This Parliament has fallen very substantially behind in tackling the very many law reforming measures necessary. I know there are great pressures on parliamentary time and that many important measures dealing with the economy, employment and so on have to be dealt with in the House. That is understood and perfectly acceptable. However, the House should sit an additional day or days per week to deal with law reforming measures. I suggest that it should sit on a regular basis every Friday to deal with non-contentious law reforming matters which could be examined in detail and which would result in very worthwhile and much needed reform being brought into our legal system. The days of a three day sitting week should be finished as it is in most other democratic parliaments. If Fridays were allocated for that purpose it would be a major step forward.

I do not intend to go through this Bill section by section or examine every aspect, but I want to make a few comments in connection with it. I agree with the directive given by the Supreme Court in a decision on a rape case given on 13 May 1988. They laid down the general principle that, except in very exceptional cases, the penalty for rape should be an immediate and considerable custodial sentence. That is a correct definition of what the punishment should be in cases of rape or — as it will also now be — aggravated sexual assault. I do not agree with Deputy Colley that a mandatory sentence should be prescribed. The directive of the Supreme Court that except in very exceptional circumstances the penalty should be an immediate and considerable custodial sentence meets the case. Any prison sentence for an offence of this type should be significant and the primary purpose of it should be to protect society from such people. The issue of community safety must be the primary consideration. We must protect people from assault, rape and so on by those who need treatment.
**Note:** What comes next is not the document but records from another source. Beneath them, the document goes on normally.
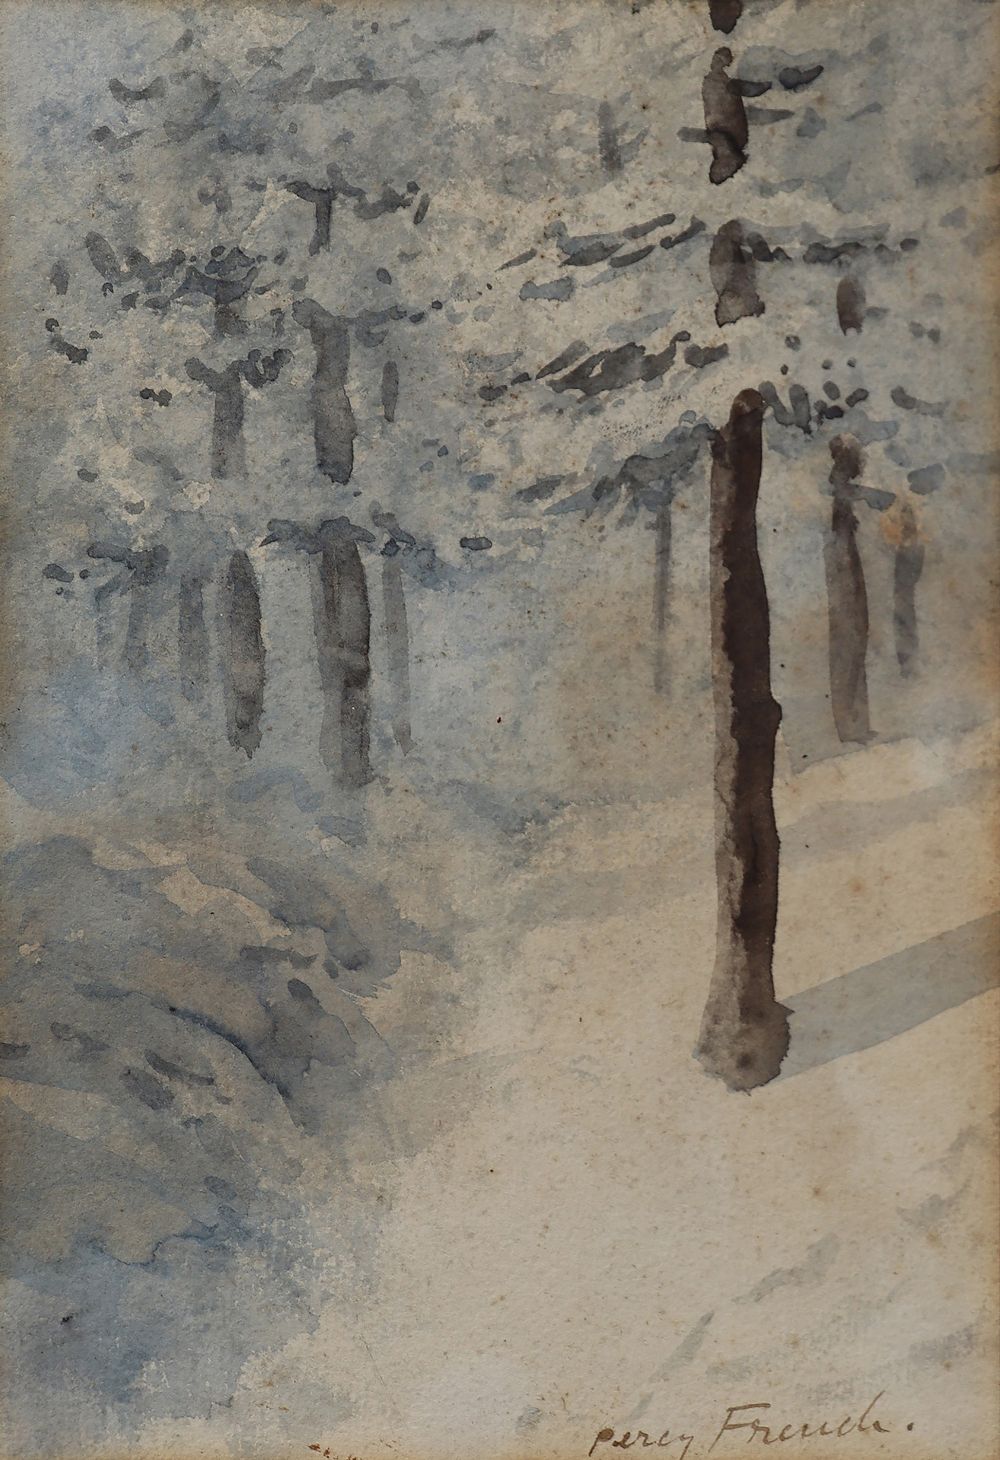 Lot 6 - FOREST PATH AFTER SNOW by William Percy French
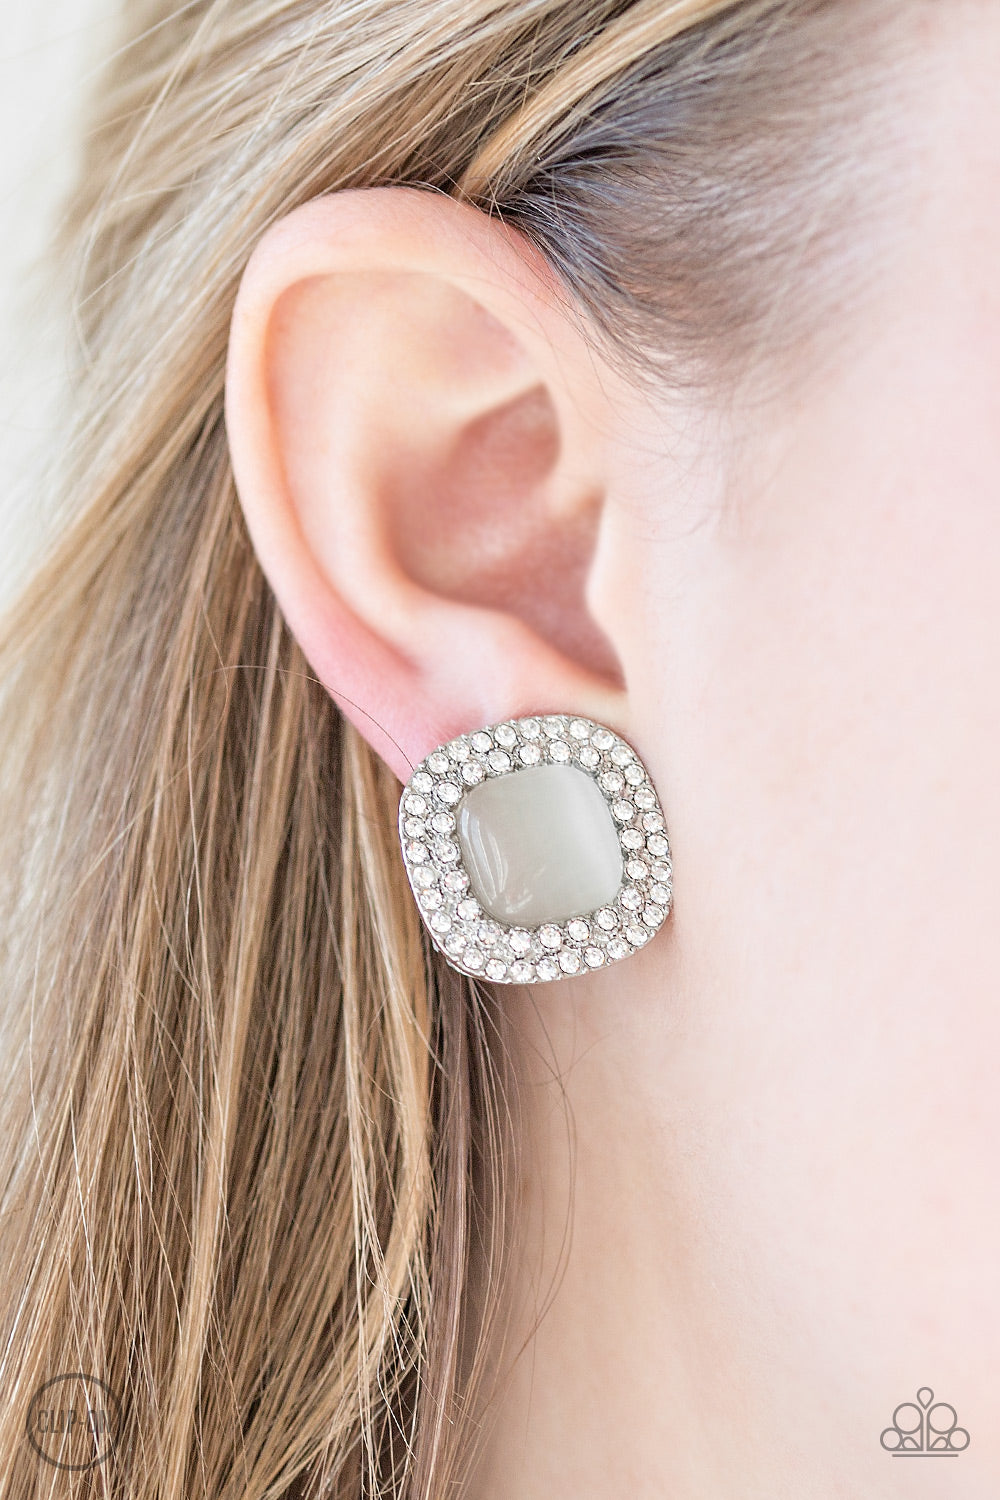 Paparazzi Earring - Dew What I Dew - White Clip-On
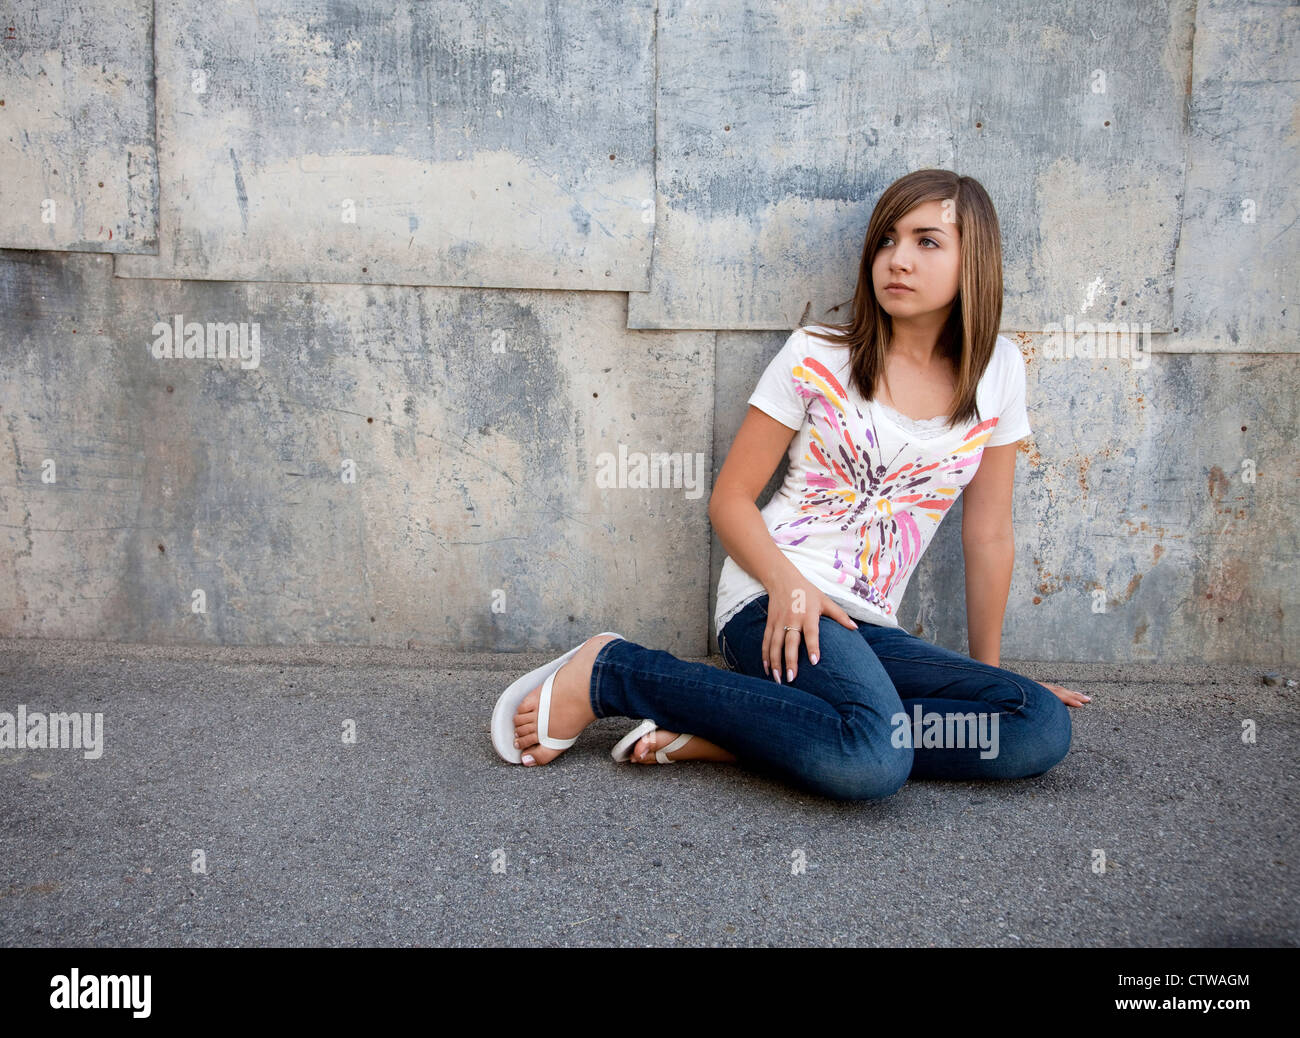 Outdoor photo of pretty teenage girl seated on pavement against grunge wall. Stock Photo
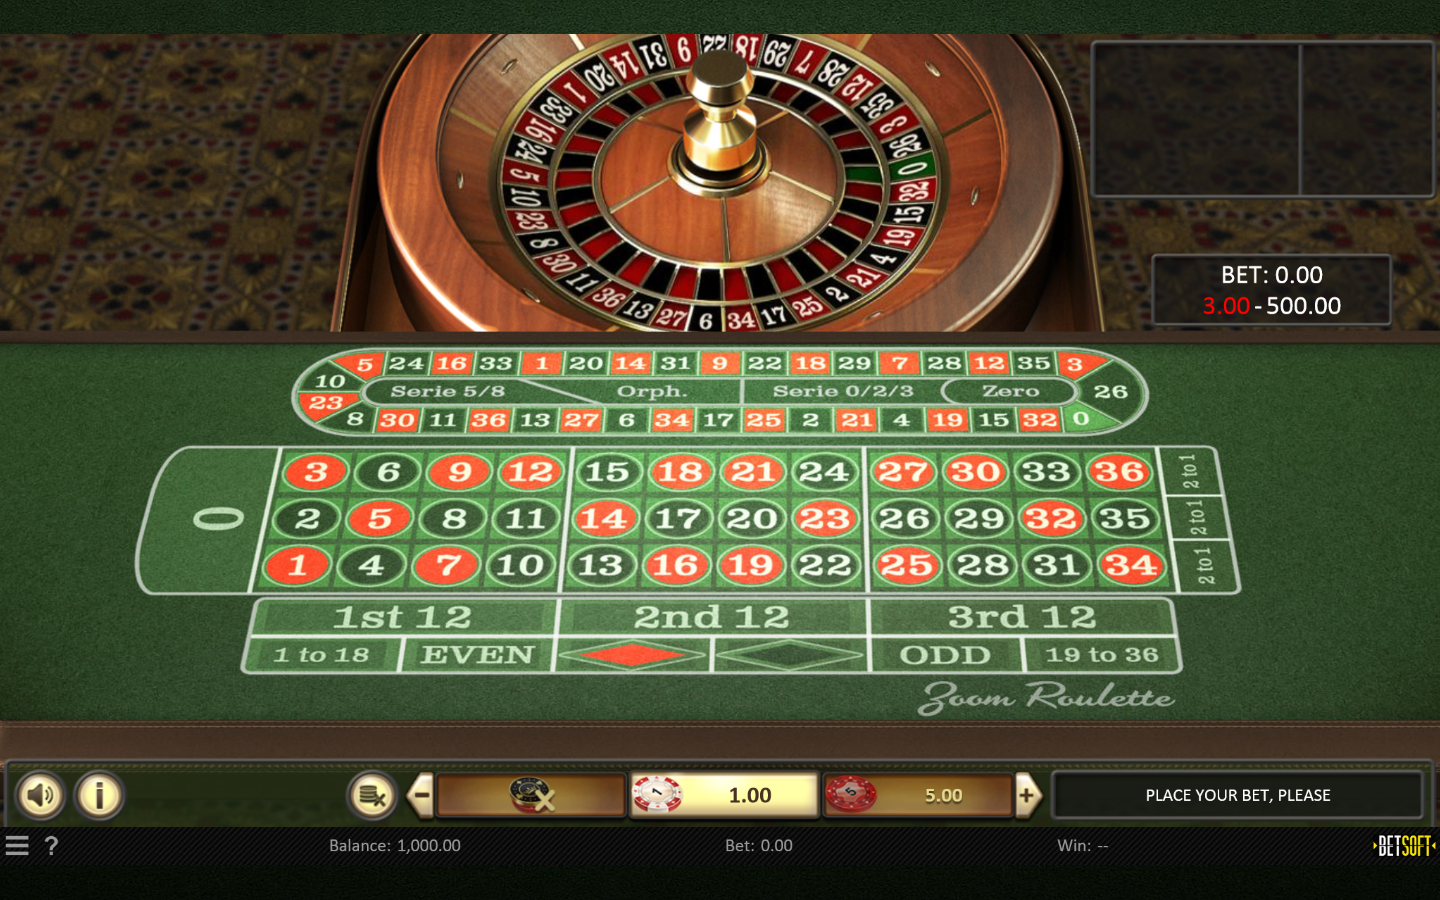 Zoom Roulette with Special Bets
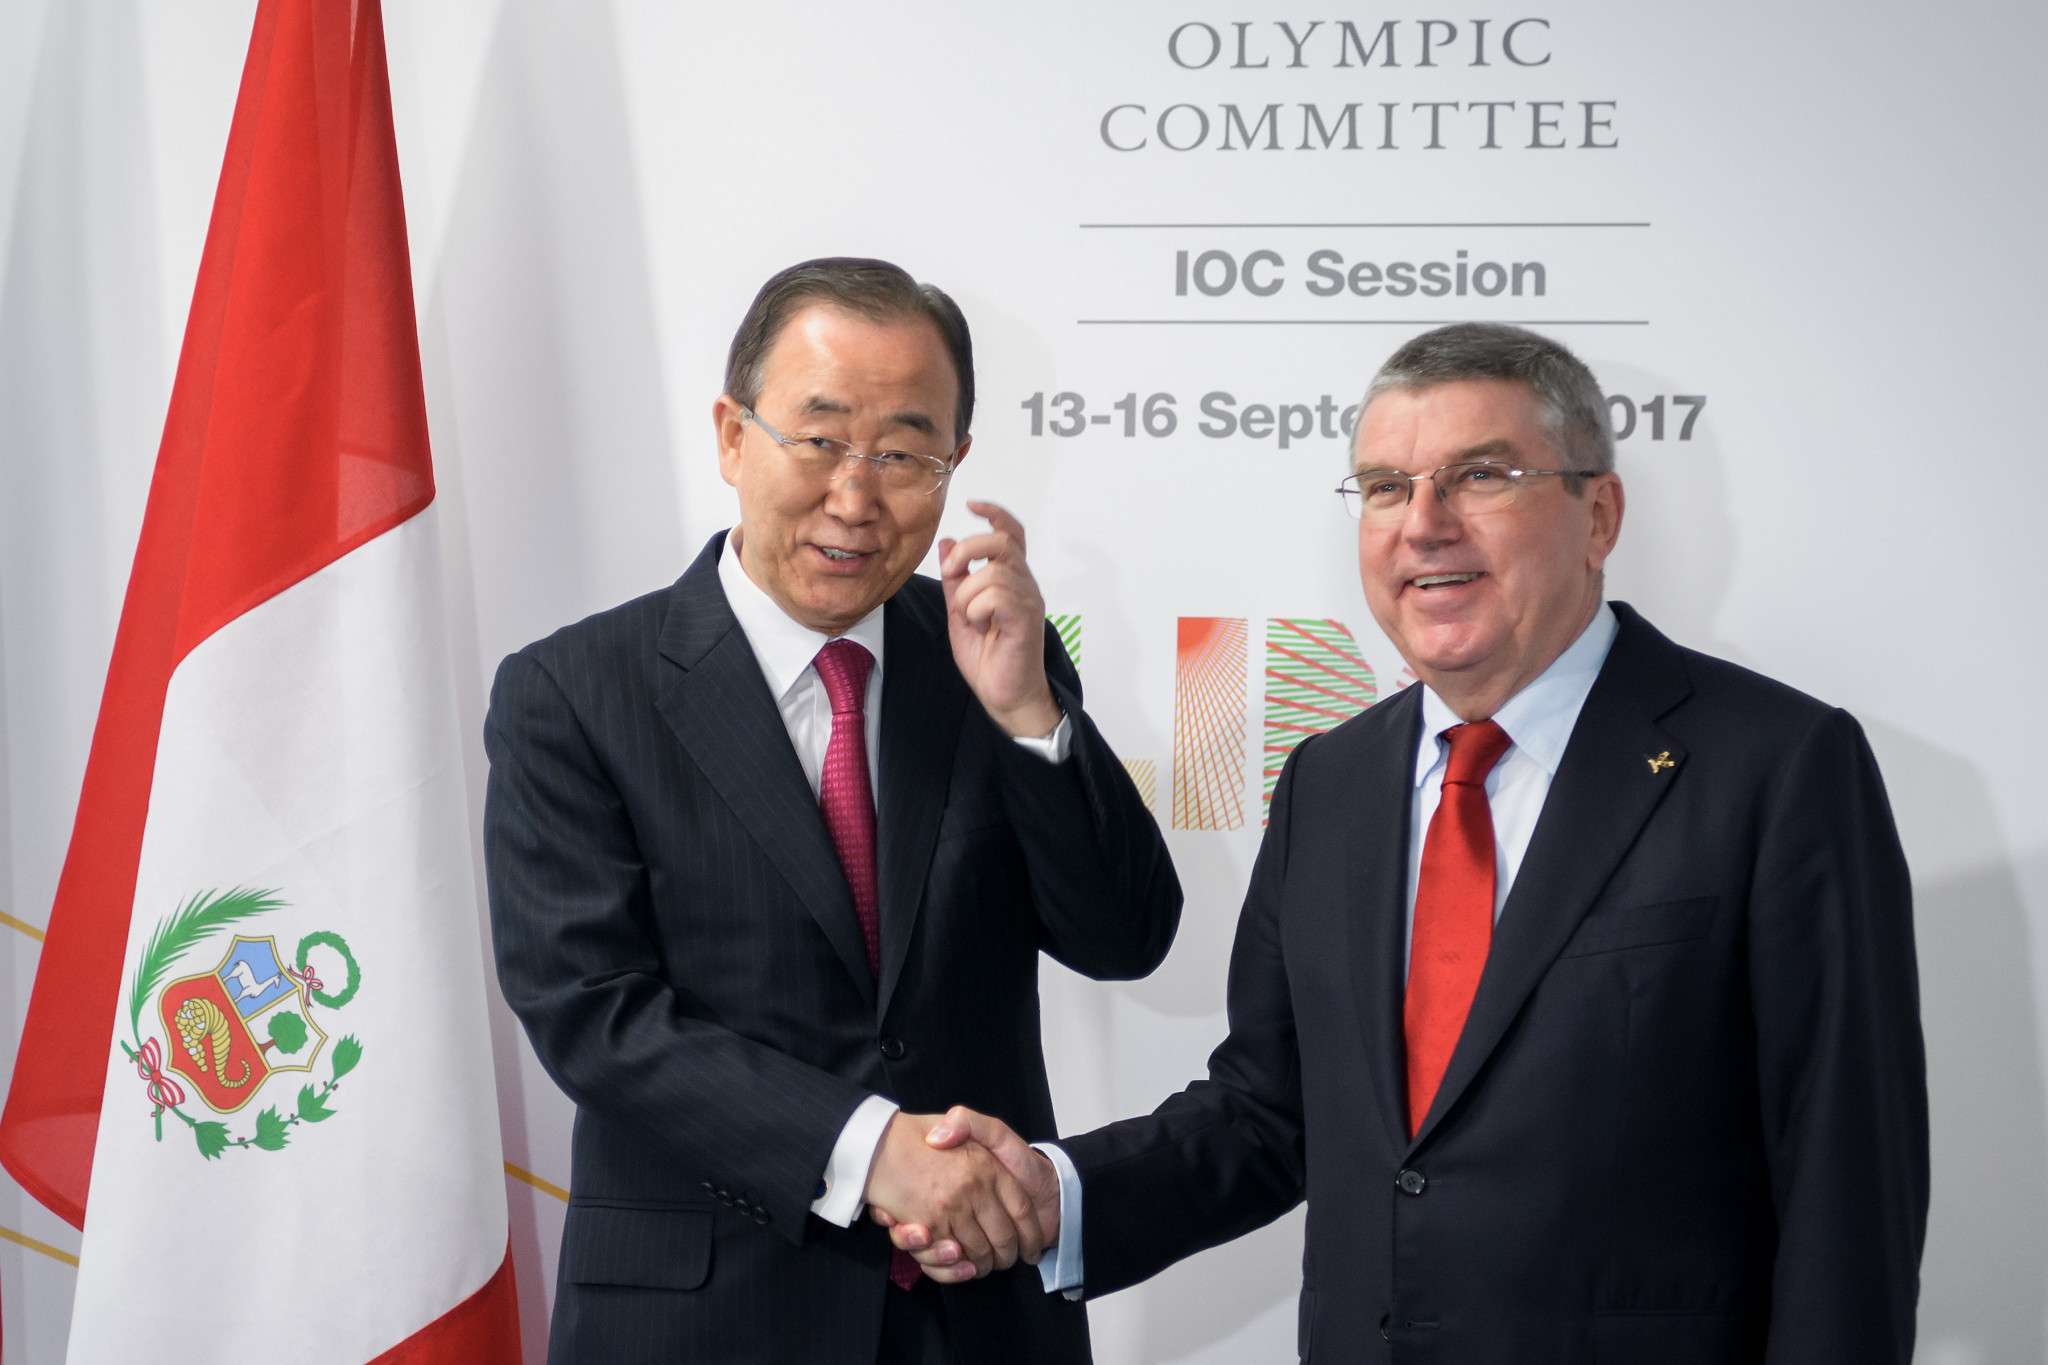 Ban Ki-moon, left, is the new IOC Ethics Commission chair but Thomas Bach, right, seems to still indirectly have more decision-making power ©Getty Images

I should now like to deal with my second point, which was touched on by Deputy Colley. Treatment is essential for those people. I find it highly regrettable that that aspect has not been dealt with in the Bill. I see no ultimate advantage in the medium or long-term in taking people who are sick — it is my belief that those who commit such offences have serious psychological problems — and locking them up in prisons for whatever period, five, ten, or 15 years and releasing them afterwards untreated. When they are released their condition is the same as it was when they were sent to prison and, in some cases, worse. It is unacceptable that such people should be released into the community.

My information is that a pilot scheme was in operation in Arbour Hill but that it has been wound down through lack of resources from the Department of Justice. We do not want a pilot scheme but an indepth plan for treating such people. We are lucky that we have a group of highly qualified people who are capable of managing a rehabilitation and treatment programme for sex offenders. Those people are dedicated to that task. I have met many of them. I am, of course, referring to members of the Probation and Welfare Officers' Association who have prepared an excellent report on this issue. I should like to bring the Minister's attention to the final paragraph of the report which, regrettably, the Minister ignored when preparing the Bill. That report stated:

We would request the Minister for Justice, and the Government, to positively consider our proposals when drawing up the new legislation on rape and allied offences. Any legislation which does not include provision for a treatment programme will be deficient in terms of the offender, the victims and, ultimately, society itself. Other countries are already moving ahead in establishing and extending their treatment programmes. It is now opportune for Irish society to further develop the work in this area.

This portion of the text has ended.